### WHAT TO WORK ON:
Once the data has been read, print it back in full, exactly.

INFORMATION GIVEN section start

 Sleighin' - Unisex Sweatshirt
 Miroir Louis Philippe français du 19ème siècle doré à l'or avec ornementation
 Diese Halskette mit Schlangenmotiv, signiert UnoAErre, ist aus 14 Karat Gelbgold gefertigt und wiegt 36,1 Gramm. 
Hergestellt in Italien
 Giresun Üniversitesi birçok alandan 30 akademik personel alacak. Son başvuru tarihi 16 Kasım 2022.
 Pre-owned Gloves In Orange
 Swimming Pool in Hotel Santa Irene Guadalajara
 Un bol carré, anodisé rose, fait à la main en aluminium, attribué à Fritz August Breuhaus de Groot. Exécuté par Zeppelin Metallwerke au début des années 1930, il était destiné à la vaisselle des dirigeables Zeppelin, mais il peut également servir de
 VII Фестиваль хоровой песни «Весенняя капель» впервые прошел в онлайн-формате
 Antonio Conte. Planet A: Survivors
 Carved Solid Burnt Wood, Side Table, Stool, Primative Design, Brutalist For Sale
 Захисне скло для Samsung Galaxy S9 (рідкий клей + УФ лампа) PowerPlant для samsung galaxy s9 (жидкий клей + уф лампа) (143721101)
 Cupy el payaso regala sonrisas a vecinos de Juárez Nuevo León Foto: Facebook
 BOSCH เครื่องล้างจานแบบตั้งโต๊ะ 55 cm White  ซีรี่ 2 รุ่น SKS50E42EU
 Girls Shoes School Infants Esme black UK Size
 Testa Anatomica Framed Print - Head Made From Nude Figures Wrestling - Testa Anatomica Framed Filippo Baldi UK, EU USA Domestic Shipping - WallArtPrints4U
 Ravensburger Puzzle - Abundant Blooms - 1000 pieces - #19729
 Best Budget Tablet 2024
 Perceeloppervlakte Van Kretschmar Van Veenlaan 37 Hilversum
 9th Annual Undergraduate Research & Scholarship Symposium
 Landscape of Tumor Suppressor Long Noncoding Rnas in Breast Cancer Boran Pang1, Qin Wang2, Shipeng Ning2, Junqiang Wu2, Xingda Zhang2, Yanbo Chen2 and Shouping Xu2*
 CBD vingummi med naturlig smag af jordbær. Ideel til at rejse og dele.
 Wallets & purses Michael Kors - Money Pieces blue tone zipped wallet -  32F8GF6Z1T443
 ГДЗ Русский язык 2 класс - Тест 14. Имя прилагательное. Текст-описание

INFORMATION GIVEN section end

### RESULT FOR THIS EXERCISE:
 Sleighin' - Unisex Sweatshirt
 Miroir Louis Philippe français du 19ème siècle doré à l'or avec ornementation
 Diese Halskette mit Schlangenmotiv, signiert UnoAErre, ist aus 14 Karat Gelbgold gefertigt und wiegt 36,1 Gramm. 
Hergestellt in Italien
 Giresun Üniversitesi birçok alandan 30 akademik personel alacak. Son başvuru tarihi 16 Kasım 2022.
 Pre-owned Gloves In Orange
 Swimming Pool in Hotel Santa Irene Guadalajara
 Un bol carré, anodisé rose, fait à la main en aluminium, attribué à Fritz August Breuhaus de Groot. Exécuté par Zeppelin Metallwerke au début des années 1930, il était destiné à la vaisselle des dirigeables Zeppelin, mais il peut également servir de
 VII Фестиваль хоровой песни «Весенняя капель» впервые прошел в онлайн-формате
 Antonio Conte. Planet A: Survivors
 Carved Solid Burnt Wood, Side Table, Stool, Primative Design, Brutalist For Sale
 Захисне скло для Samsung Galaxy S9 (рідкий клей + УФ лампа) PowerPlant для samsung galaxy s9 (жидкий клей + уф лампа) (143721101)
 Cupy el payaso regala sonrisas a vecinos de Juárez Nuevo León Foto: Facebook
 BOSCH เครื่องล้างจานแบบตั้งโต๊ะ 55 cm White  ซีรี่ 2 รุ่น SKS50E42EU
 Girls Shoes School Infants Esme black UK Size
 Testa Anatomica Framed Print - Head Made From Nude Figures Wrestling - Testa Anatomica Framed Filippo Baldi UK, EU USA Domestic Shipping - WallArtPrints4U
 Ravensburger Puzzle - Abundant Blooms - 1000 pieces - #19729
 Best Budget Tablet 2024
 Perceeloppervlakte Van Kretschmar Van Veenlaan 37 Hilversum
 9th Annual Undergraduate Research & Scholarship Symposium
 Landscape of Tumor Suppressor Long Noncoding Rnas in Breast Cancer Boran Pang1, Qin Wang2, Shipeng Ning2, Junqiang Wu2, Xingda Zhang2, Yanbo Chen2 and Shouping Xu2*
 CBD vingummi med naturlig smag af jordbær. Ideel til at rejse og dele.
 Wallets & purses Michael Kors - Money Pieces blue tone zipped wallet -  32F8GF6Z1T443
 ГДЗ Русский язык 2 класс - Тест 14. Имя прилагательное. Текст-описание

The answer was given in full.